## Data section
• • • •

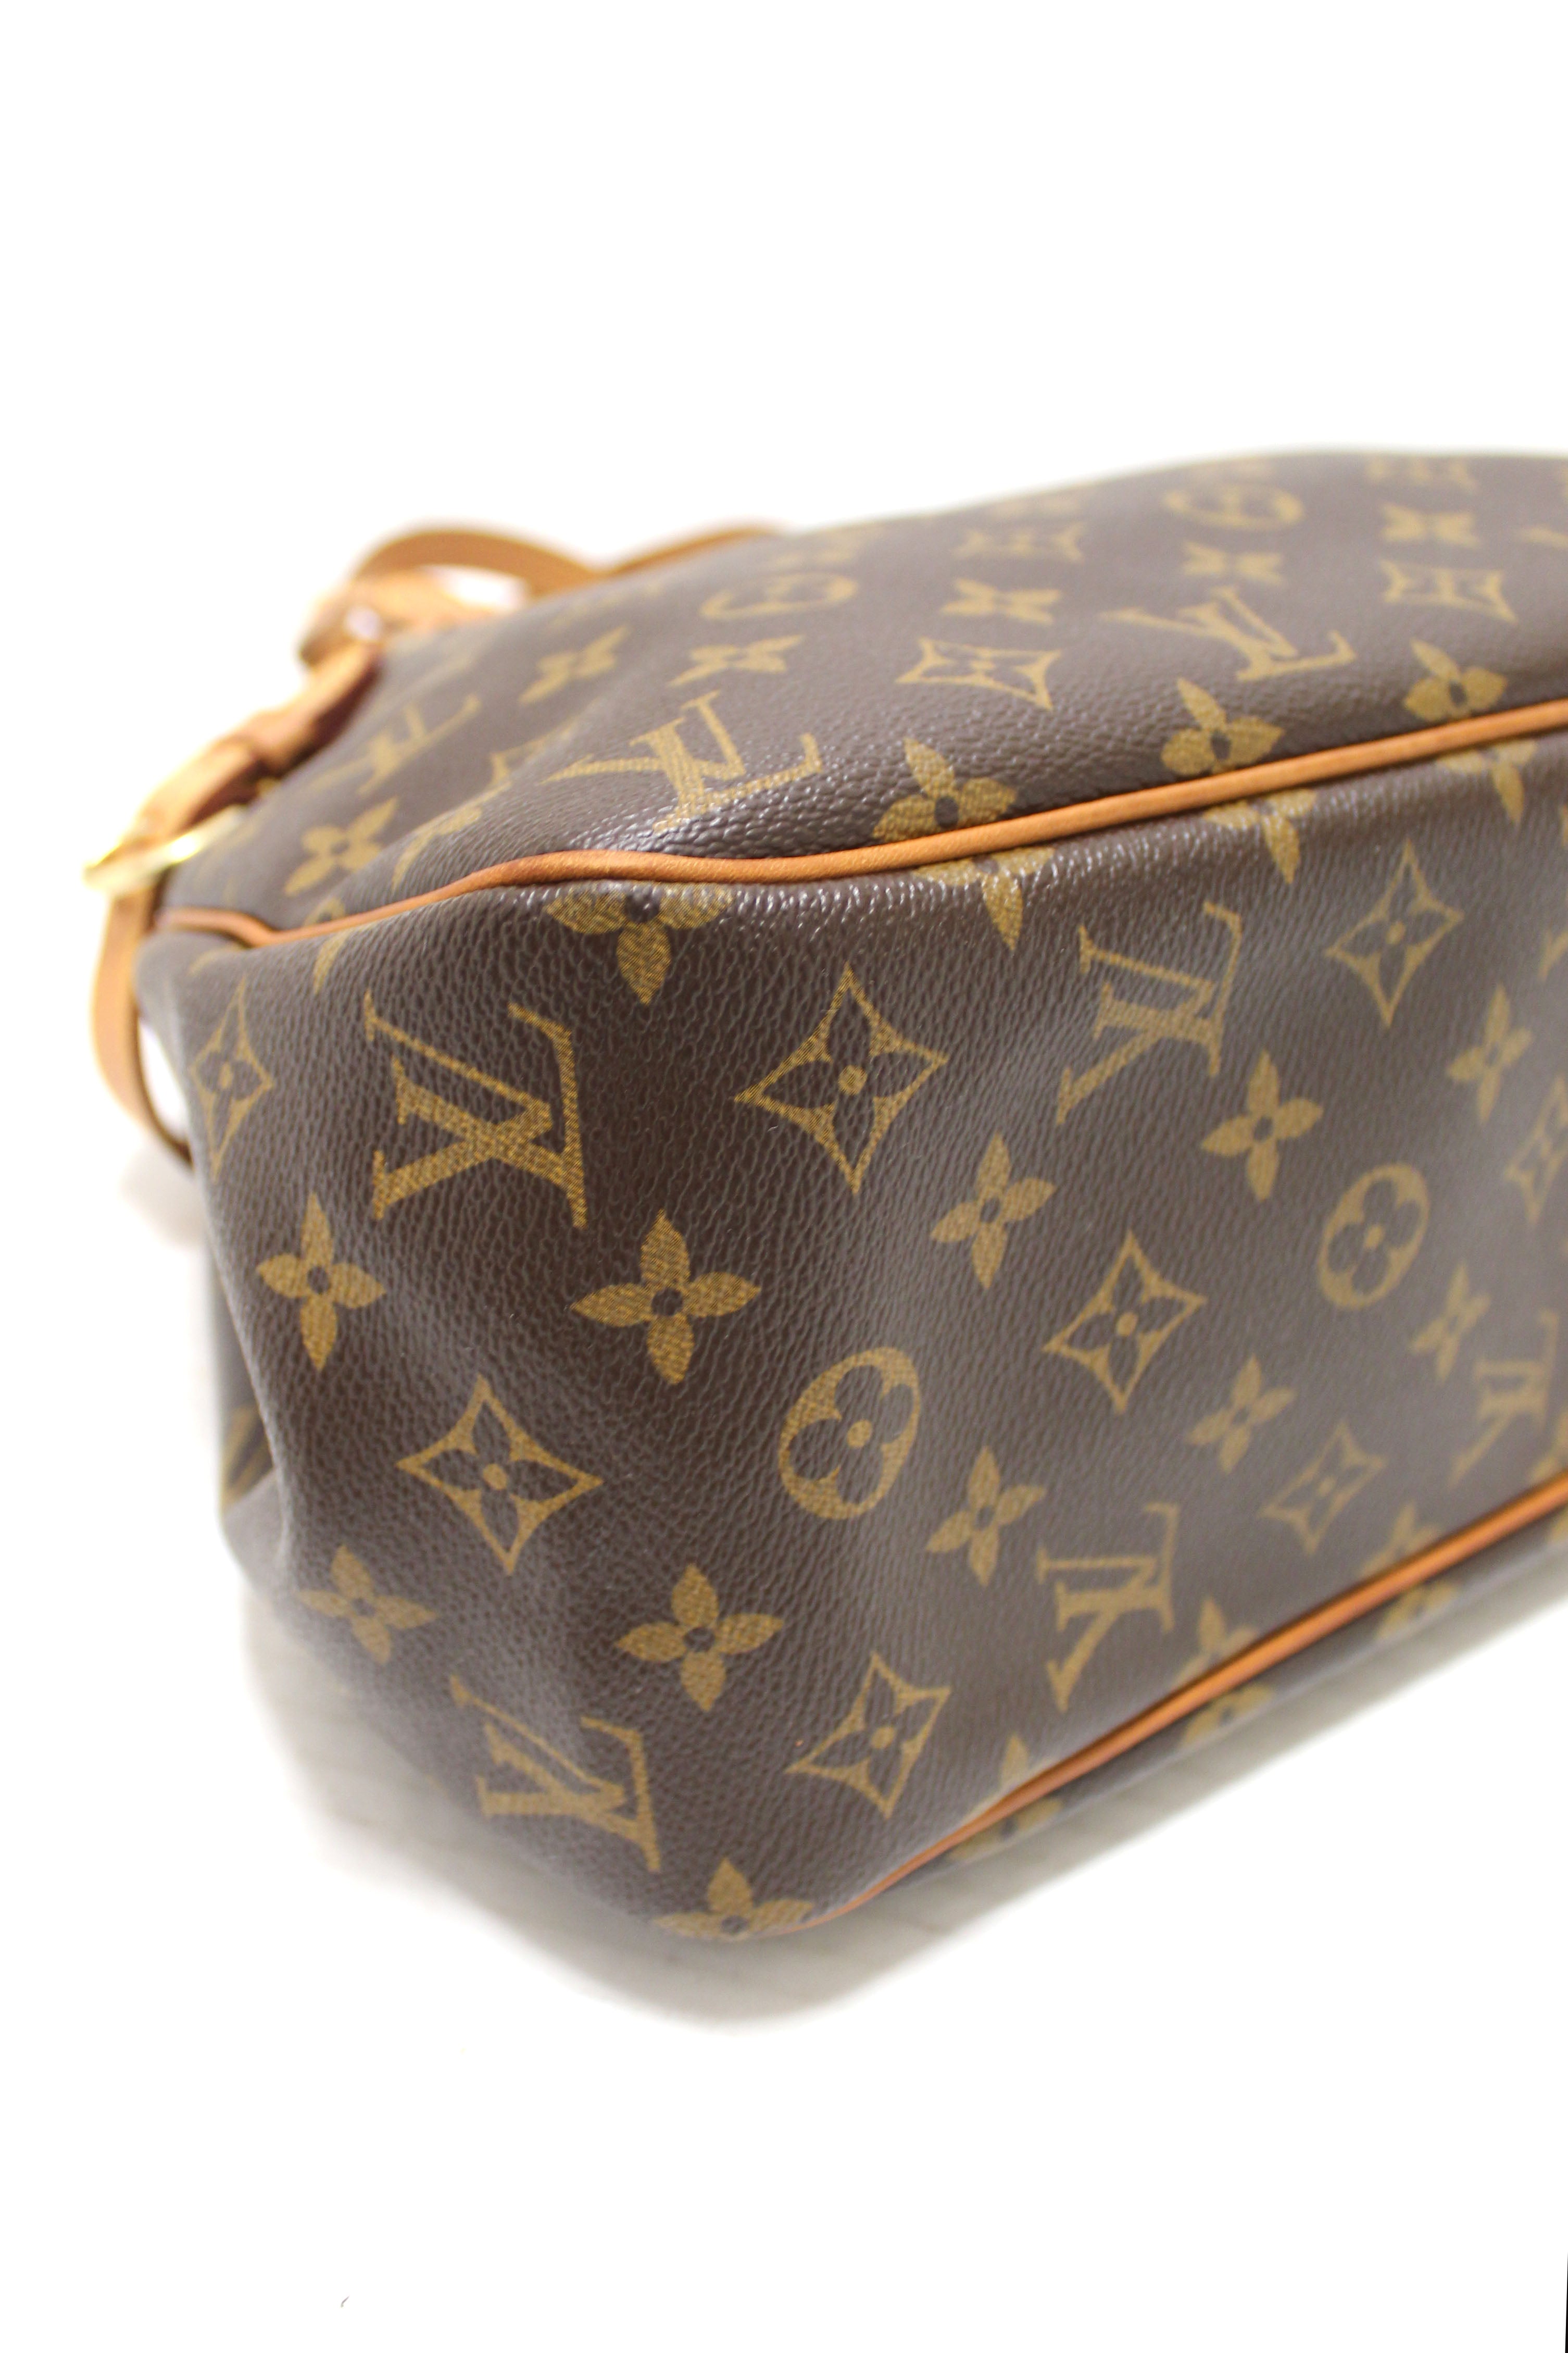 Louis Vuitton Classic Monogram Batignolles Tote Shoulder Bag
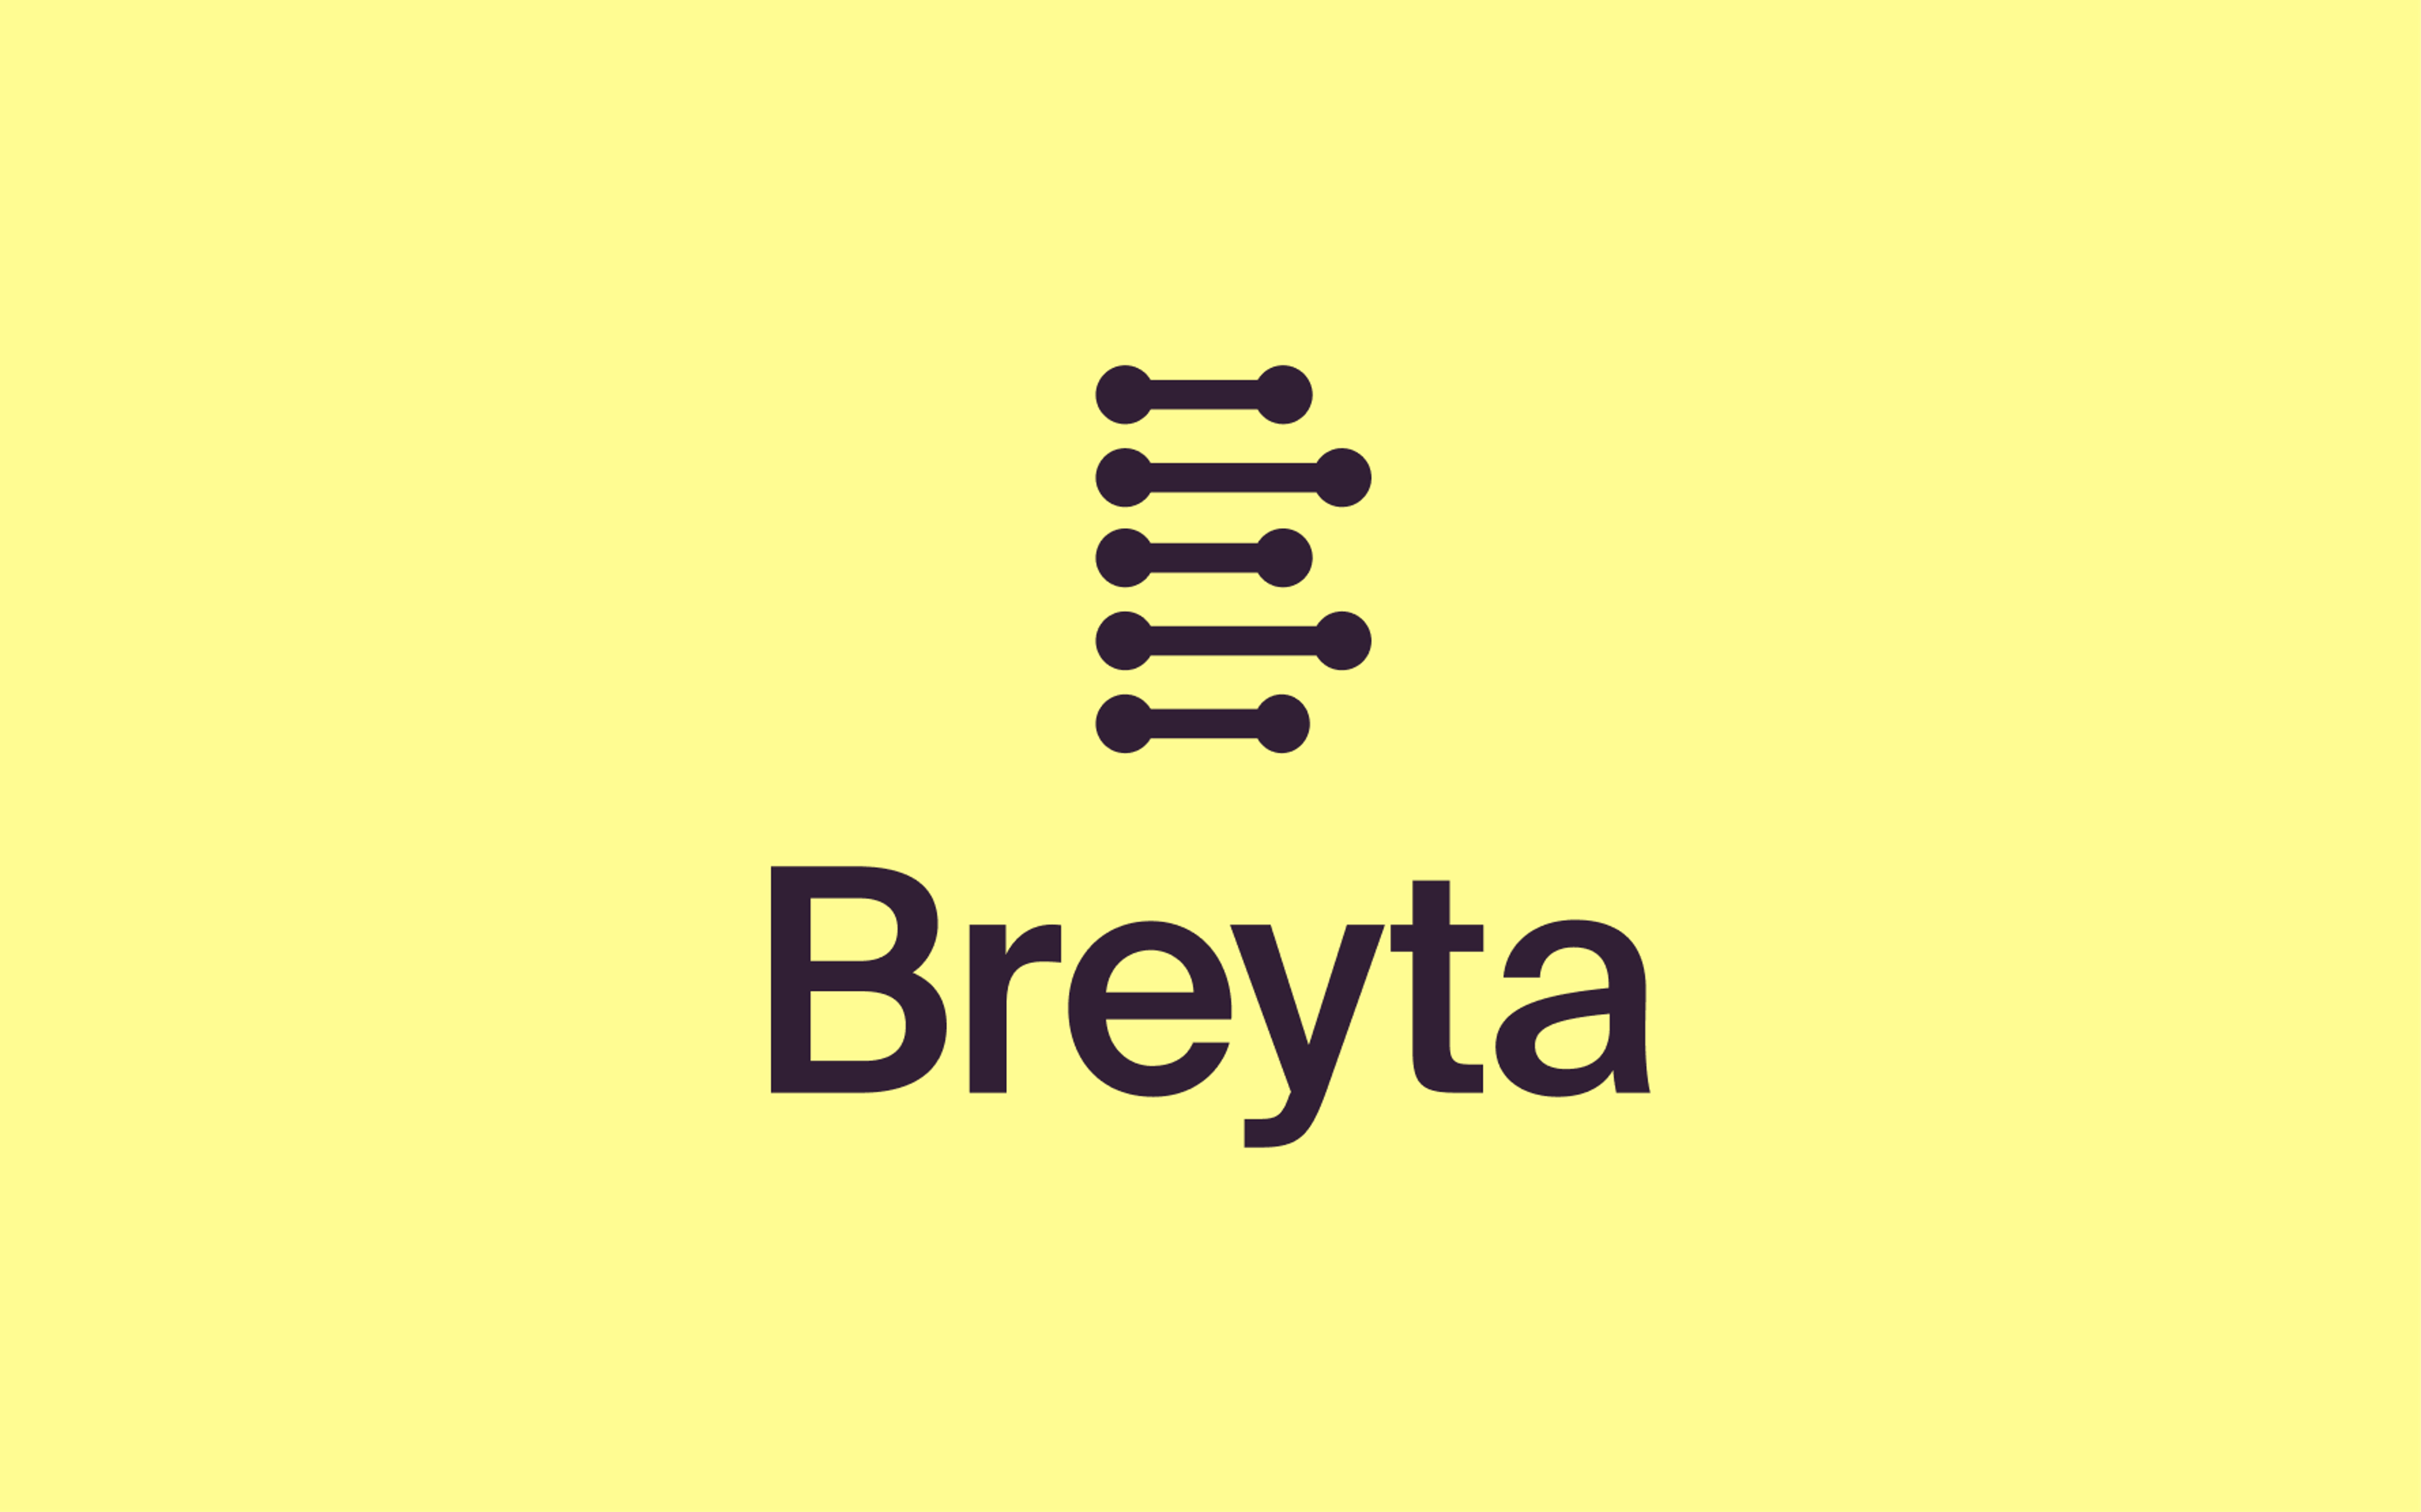 Breyta logo on yellow
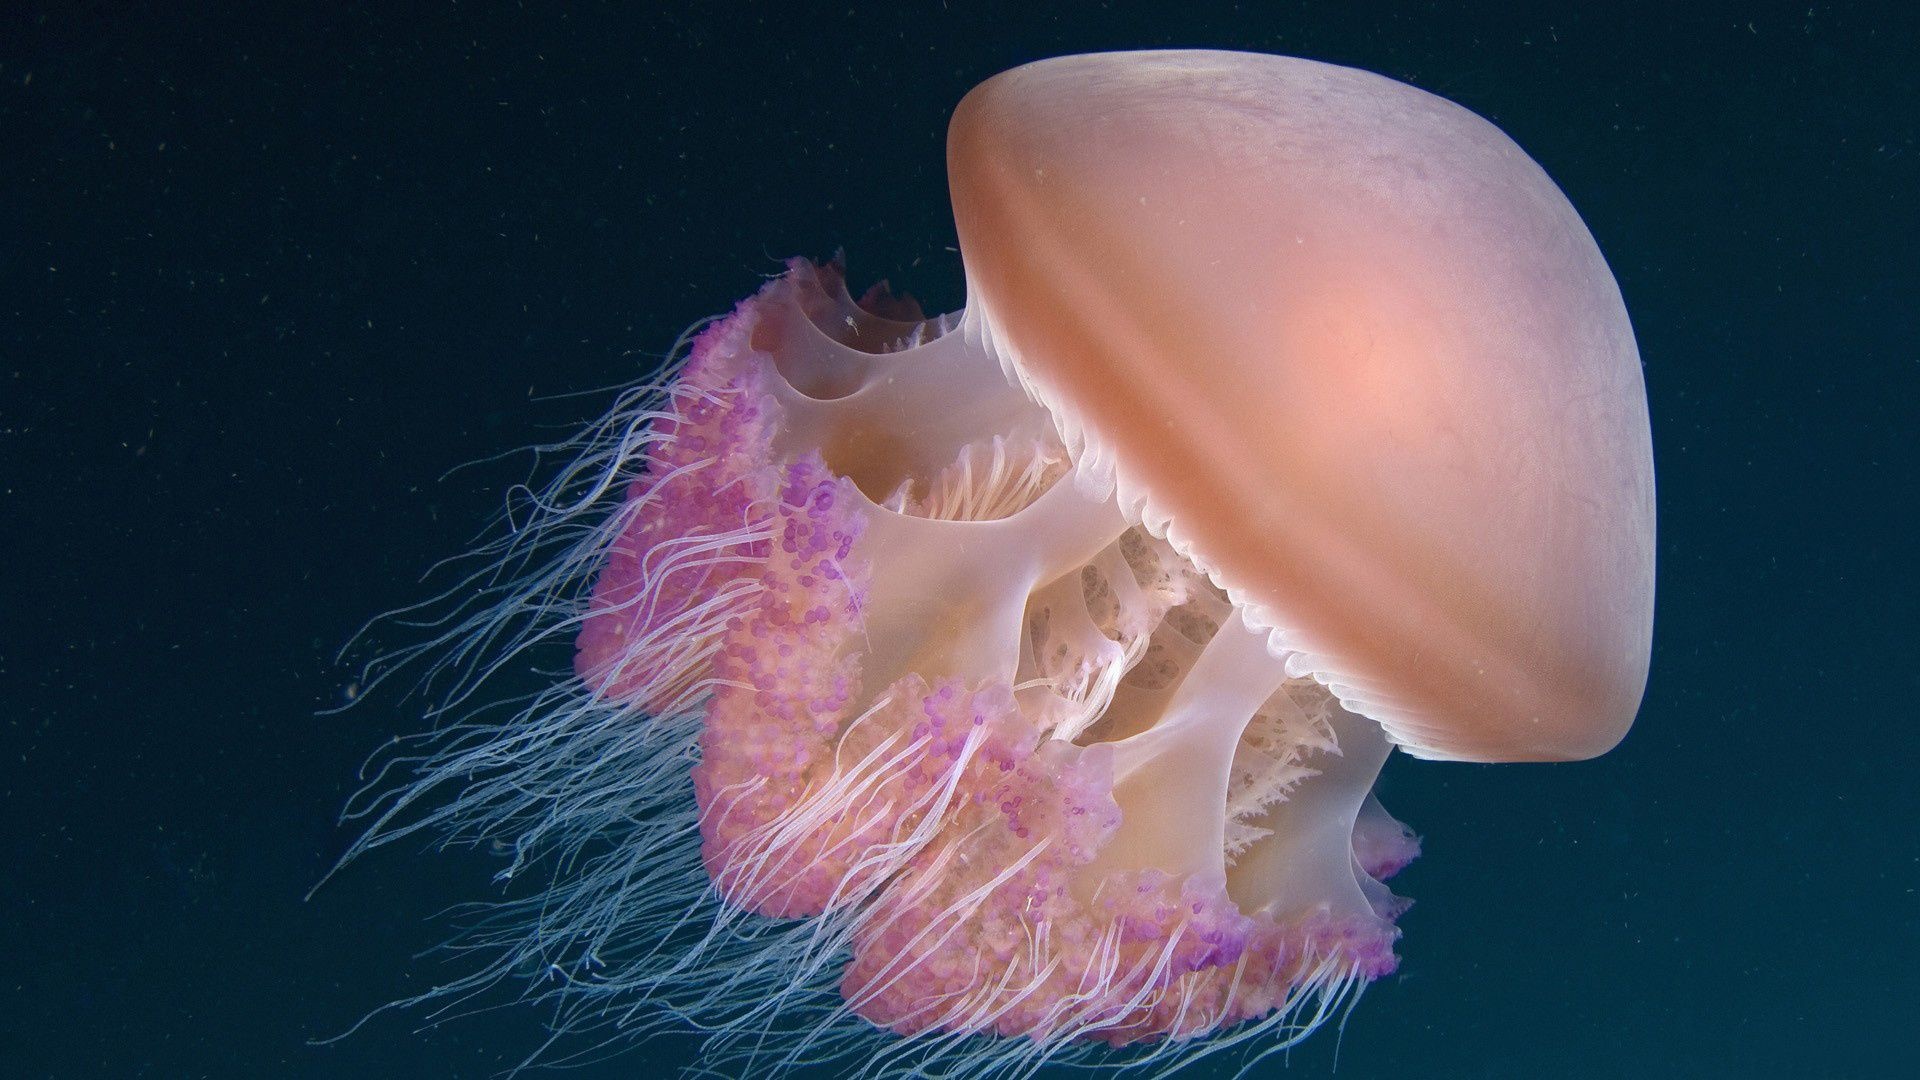 Underwater jellyfish, Oceanic wonders, Deep sea serenity, Captivating marine creatures, 1920x1080 Full HD Desktop

• • • •

## Task instructions
Give back the full listing word for word, with the pictures left out.

## Task answer
 Louis Vuitton Classic Monogram Batignolles Tote Shoulder Bag
 Breyta logo on yellow
 Underwater jellyfish, Oceanic wonders, Deep sea serenity, Captivating marine creatures, 1920x1080 Full HD Desktop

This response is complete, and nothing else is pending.